Nearly 30 percent of taxpayers in Pennsylvania use SALT, according to data from the Government Finance Officers Association. On average, those taxpayers claim an average deduction of $11,000.
Supporters of the deduction argue that its elimination will hurt middle-class families. Among taxpayers making more than $100,000, 81 percent claimed the SALT deduction. Without it, supporters say, taxpayers face double taxation - paying federal taxes on income already claimed by state and local taxes.
City leaders speaking out against eliminating the deduction are sometimes putting themselves at odds with their representatives in Congress.

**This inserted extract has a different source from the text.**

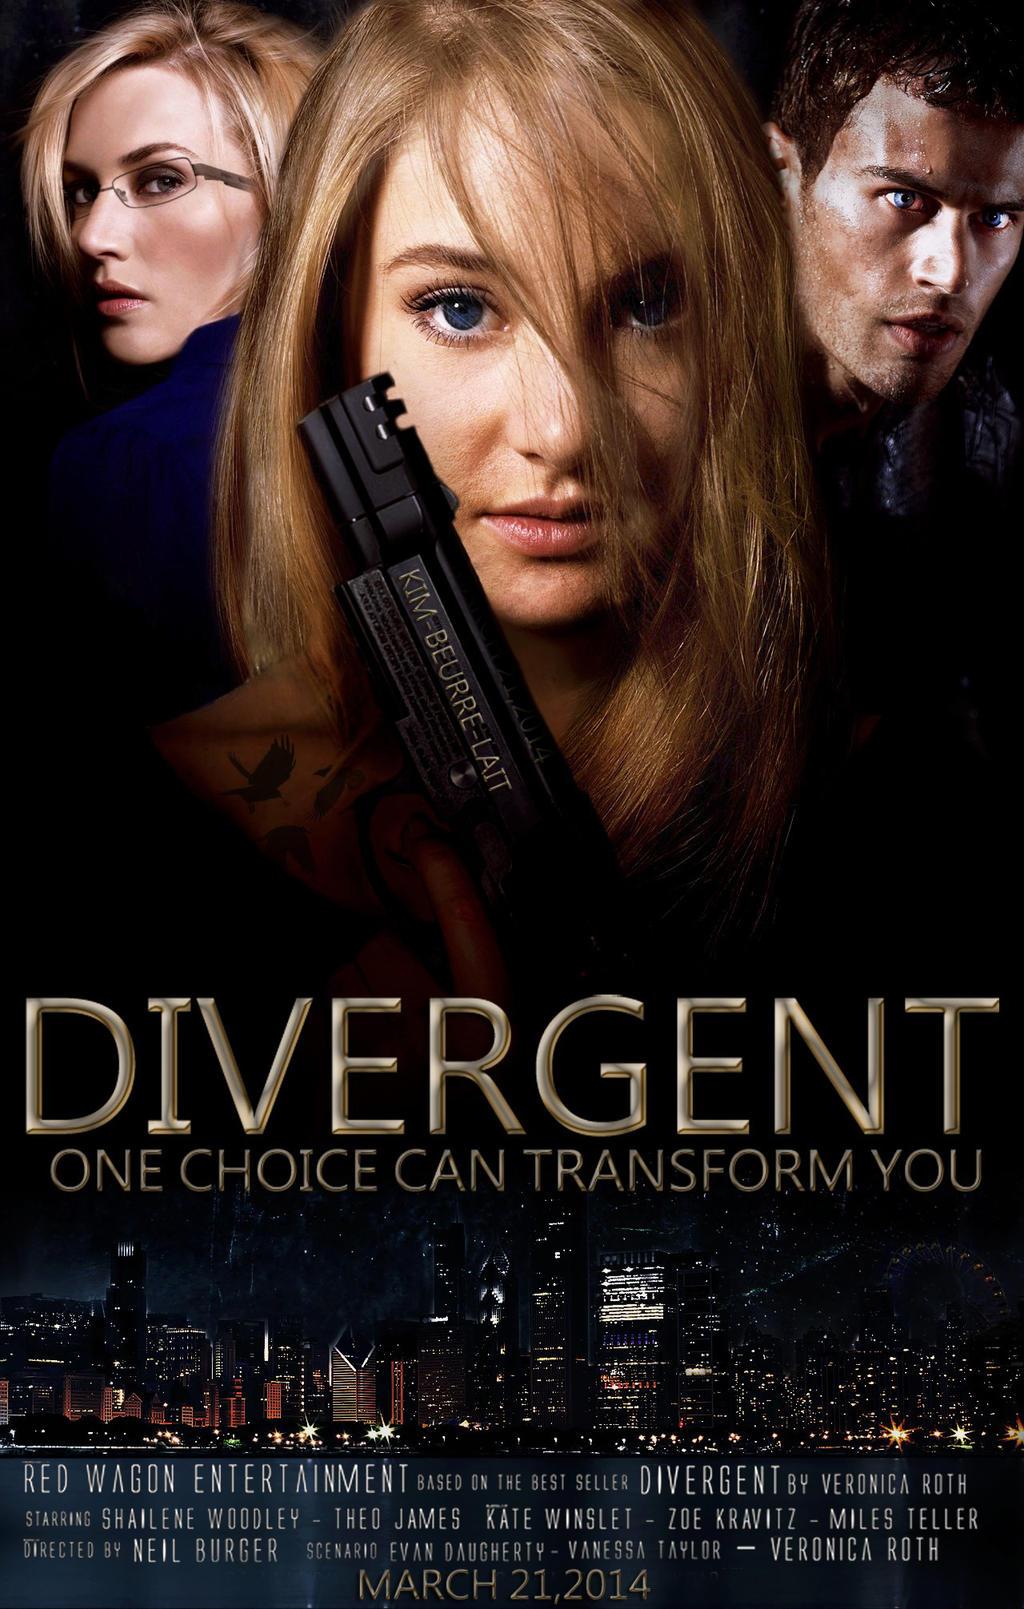 Divergent Fan Made Poster by kim-beurre-lait on DeviantArt

Louisville Mayor Greg Fischer, D, visited Capitol Hill this week, including a stop by the offices of Senate Majority Leader Mitch McConnell, R-Ky., a major proponent of the Senate bill.
"It's a $1.3 billion problem for my city," Fischer said of the potential elimination of SALT. "That is less than Los Angeles or New York, but that is going to hit a lot of folks."
"I totally believe we need tax reform. I am a business person, entrepreneur. I am not a career politician," he said, adding that he wants to make sure his local representatives understand what the city is facing.
Local governments' fears aren't confined to the effects of removing the state and local tax deduction. Officials in the District and other cities also worry about the House plan to repeal a form of tax-exempt financing for development called private activity bonds.
Those bonds, which help lure private investors to low-income housing projects and other civic endeavors by effectively allowing them to borrow at municipalities' low interest rates, have resulted in about 9,000 units of affordable housing in Washington since 2010, city officials say. (The Senate bill would retain private activity bonds.)
"If it wasn't for these private activity bonds," Esparza Diggs said, "many [cities] wouldn't be able to expand their airports, or meet their affordable housing needs."